WHAT YOU NEED TO DO:
Could you print each line of the material below exactly?

THE DATA:
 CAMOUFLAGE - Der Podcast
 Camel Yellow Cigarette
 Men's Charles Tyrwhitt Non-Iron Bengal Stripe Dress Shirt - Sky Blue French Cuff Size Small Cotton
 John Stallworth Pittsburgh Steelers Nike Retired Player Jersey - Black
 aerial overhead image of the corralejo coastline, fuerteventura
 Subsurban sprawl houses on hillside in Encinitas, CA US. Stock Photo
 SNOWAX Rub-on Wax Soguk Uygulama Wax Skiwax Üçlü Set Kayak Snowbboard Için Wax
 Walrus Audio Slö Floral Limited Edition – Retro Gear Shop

FINAL ANSWER:
 CAMOUFLAGE - Der Podcast
 Camel Yellow Cigarette
 Men's Charles Tyrwhitt Non-Iron Bengal Stripe Dress Shirt - Sky Blue French Cuff Size Small Cotton
 John Stallworth Pittsburgh Steelers Nike Retired Player Jersey - Black
 aerial overhead image of the corralejo coastline, fuerteventura
 Subsurban sprawl houses on hillside in Encinitas, CA US. Stock Photo
 SNOWAX Rub-on Wax Soguk Uygulama Wax Skiwax Üçlü Set Kayak Snowbboard Için Wax
 Walrus Audio Slö Floral Limited Edition – Retro Gear Shop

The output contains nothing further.